Lancé par le nantais Philippe Guihéneuf*, le mouvement Les Indignés du Paf (Paf : paysage audiovisuel français) organise en mars 2012 des tables rondes dans tous le pays et un appel citoyen aux candidats aux élections présidentielles. Objectif : face à la dégradation de la qualité de l’information, faire émerger des propositions pour réconcilier le public et les médias.
Ouvertures.- Comment est né le mouvement ?
Photo : JL ML. |
Philippe Guihéneuf.– Le fait déclencheur a été la révélation en décembre 2011, par le Petit Journal de Canal+, de faux reportages sur la délinquance urbaine dans l’émission « Appels d’urgence » sur TF1, avec des images récupérées ailleurs et insérées sans avertir le téléspectateur. Avant les grandes échéances électorales de 2012, la qualité de l’information est une préoccupation majeure. C’est important pour le citoyen, avant d’aller voter, de disposer d’informations fiables et honnêtement élaborées. C’est pourquoi nous avons voulu réagir vite.
Quand les médias, par mégarde ou par intention, donnent de fausses informations, cela peut avoir des conséquences dramatiques sur les personnes. En réaction, cela peut susciter des actes de protestations ou même de violence. Ainsi, la publication d’un article mal légendé en début du mois par Ouest-France a provoqué l’enfarinade de la devanture des locaux du siège à Nantes. D’où l’importance pour les médias de respecter la déontologie quant aux faits qu’ils rapportent.
– Revenons à l´émission de TF1. Qui est ce « nous » qui a voulu réagir ?
– J’ai immédiatement partagé mon indignation à plusieurs amis partout en France. Ils ont tout de suite été sensibles à cette supercherie. Nous avons cherché les moyens pour la dénoncer, notamment avec l’aide d’un avocat. Le premier cercle de personnes que j’ai contactées sont plutôt, comme moi, du monde du spectacle. Nous sommes très consommateurs de médias. Nous voulons être sûrs de l’honnêteté de l’information concernant notre travail. Et il faut que la qualité de l’information soit assurée sur l’information en général.
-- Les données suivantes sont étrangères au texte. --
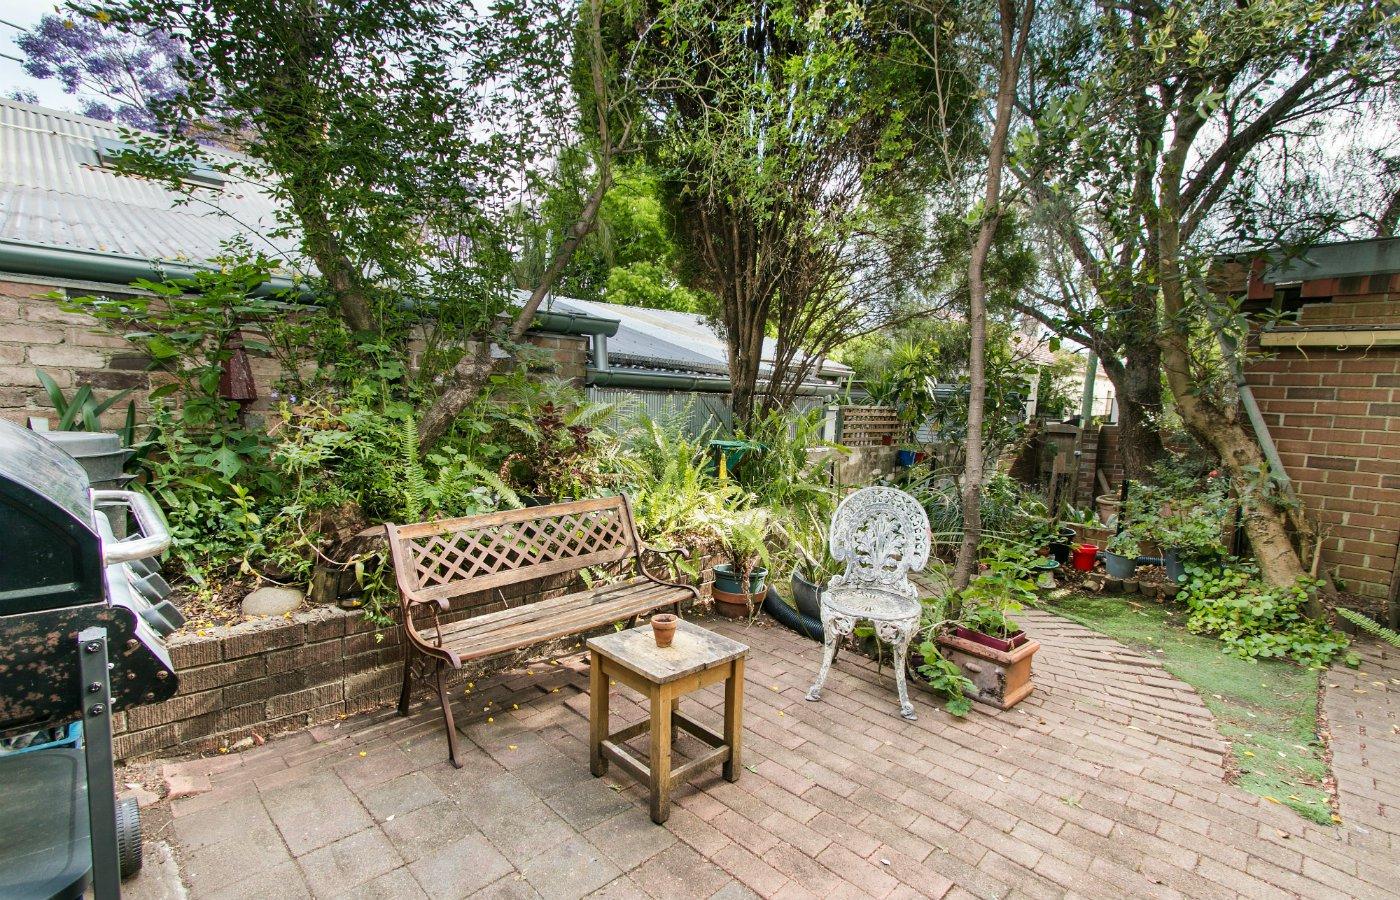 Home improvement spending 2018 garden.jpg

Le réseau en cours de constitution s’appuie sur toute personne sensible à la problématique de la qualité de l’information, quelle qu’elle soit et où qu’elle soit. Il est fédéré pour l´instant par deux associations : “les Contestataires propositifs” et “les Pieds dans le PAF“.
– La qualité de l’information, c’est vaste ! Quels sont vos axes de travail ?
– Nous explorons essentiellement trois voies :
- Préciser la définition de l’information journalistique, du travail journalistique et de l’entreprise média ;
- En voir les conséquences sur le fonctionnement des structures : capital, organisation, hiérarchie, convention collective, etc.
- Trouver et développer la place des citoyens usagers dans le monde des médias.
– En quoi consiste votre action ?
– La semaine du 20 mars, nous allons organiser une série de débats publics dans plusieurs villes en France. Nous recueillerons des idées, des remarques, des propositions des citoyens et des professionnels pour améliorer le processus de fabrication des nouvelles, pour trouver des garde-fous et protéger durablement le travail des journalistes.
Le résultat des tables rondes et la synthèse du 30 mars à Paris seront disponibles sur le site lesindignesdupaf. Nous sommes en train de prendre des rendez-vous avec les futurs signataires potentiels de l’appel.
Durant tout le mois d’avril, nous invitons les citoyens à surveiller les informations avec un œil critique. Notre site publiera les dérives qui seront signalées, après vérification de notre part. Nous voulons ainsi faire pression pour que les conditions du débat préélectoral soient le plus démocratique possible.
* Philippe Guihéneuf, 44 ans, responsable de structure de spectacle vivant, a fait du cinéma pendant 8 ans avant de se tourner vers la régie de théâtre, notamment avec Patrice Chéreau. En 2005, touché par les révoltes des banlieues, il monte un spectacle destiné à encourager les projets de jeunes, avec le théâtre associatif TNT de Nantes.